We increased the number of sessions relative to the number of CPUs (48 simultaneous threads against 32 CPUs), and the deadlock went away. While varying the simultaneous threads helped a little bit in terms of response time, the CF server still tanked in 20-25 minutes during all of these tests.
We ran more thread dumps, and saw a thread locking a monitor, for e.g.:
"jrpp-475" prio=3 tid=0x02230800 nid=0x2c5 runnable [0x4397d000]
java.lang.Thread.State: RUNNABLE
at java.util.HashMap.getEntry(HashMap.java:347)
at java.util.HashMap.containsKey(HashMap.java:335)
at java.util.HashSet.contains(HashSet.java:184)
at coldfusion.monitor.memory.MemoryTracker.onAddObject(MemoryTracker.java:124)
at coldfusion.monitor.memory.MemoryTrackerProxy.onReplaceValue(MemoryTrackerProxy.java:598)
at coldfusion.monitor.memory.MemoryTrackerProxy.onPut(MemoryTrackerProxy.java:510)
at coldfusion.util.CaseInsensitiveMap.put(CaseInsensitiveMap.java:250)
at coldfusion.util.FastHashtable.put(FastHashtable.java:43)
- locked <0x6f7e1a78> (a coldfusion.runtime.Struct)
at coldfusion.runtime.CfJspPage._arrayset(CfJspPage.java:1027)
at coldfusion.runtime.CfJspPage._arraySetAt(CfJspPage.java:2117)
at cfvalidation2ecfc1052964961$funcSETUSERAUDITDATA.runFunction(/app/docs/apply/cfcs/validation.cfc:377)
As you see in the last line above there were several references CFMs and CFCs, and the lines have "cflock" tags, which were scoped to the "application." We (the dev team) then changed them to be scoped to a "name".
After more load tests, there is no locking going on and there no deadlocks, but now the application tanks in 7-10 minutes.
We've gotten system, network and DB reports from the respective admins, and they are not being taxed; even watched the server stats with server monitor, top, prstat, ran sar reports, etc.
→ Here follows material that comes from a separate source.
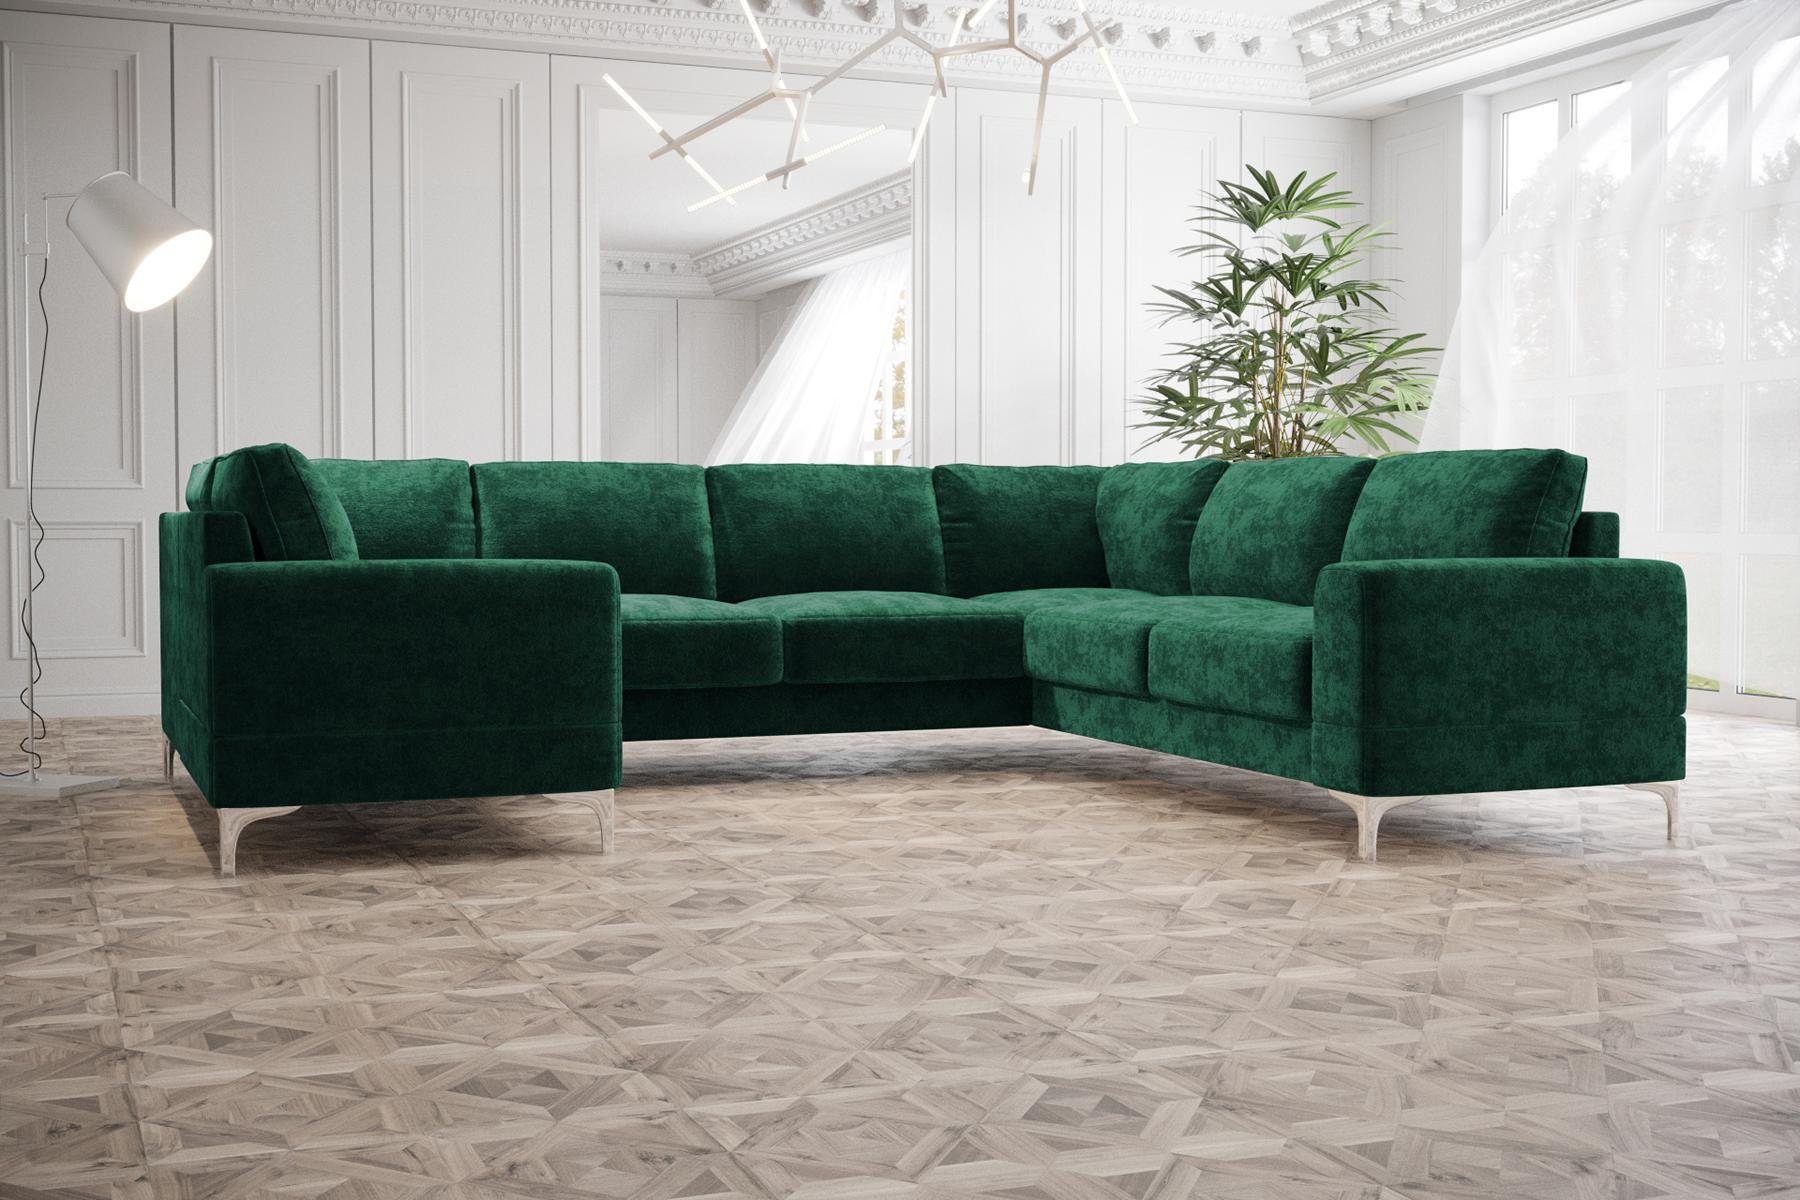 JVmoebel Ecksofa Wohnlandschaft Polsterecke Couch Neu, in Made Grün Sofas Sofa Europe

So we believe it is an issue with the CF server or maybe the JVM.
I am running out of ideas as to what else we can try. Disclaimer: I am not a CF developer or Admin. I am just running the load test, analyzing the reports, threads etc, and sharing the results with the dev and admin teams, and trying the next change, and so on. So far no dice.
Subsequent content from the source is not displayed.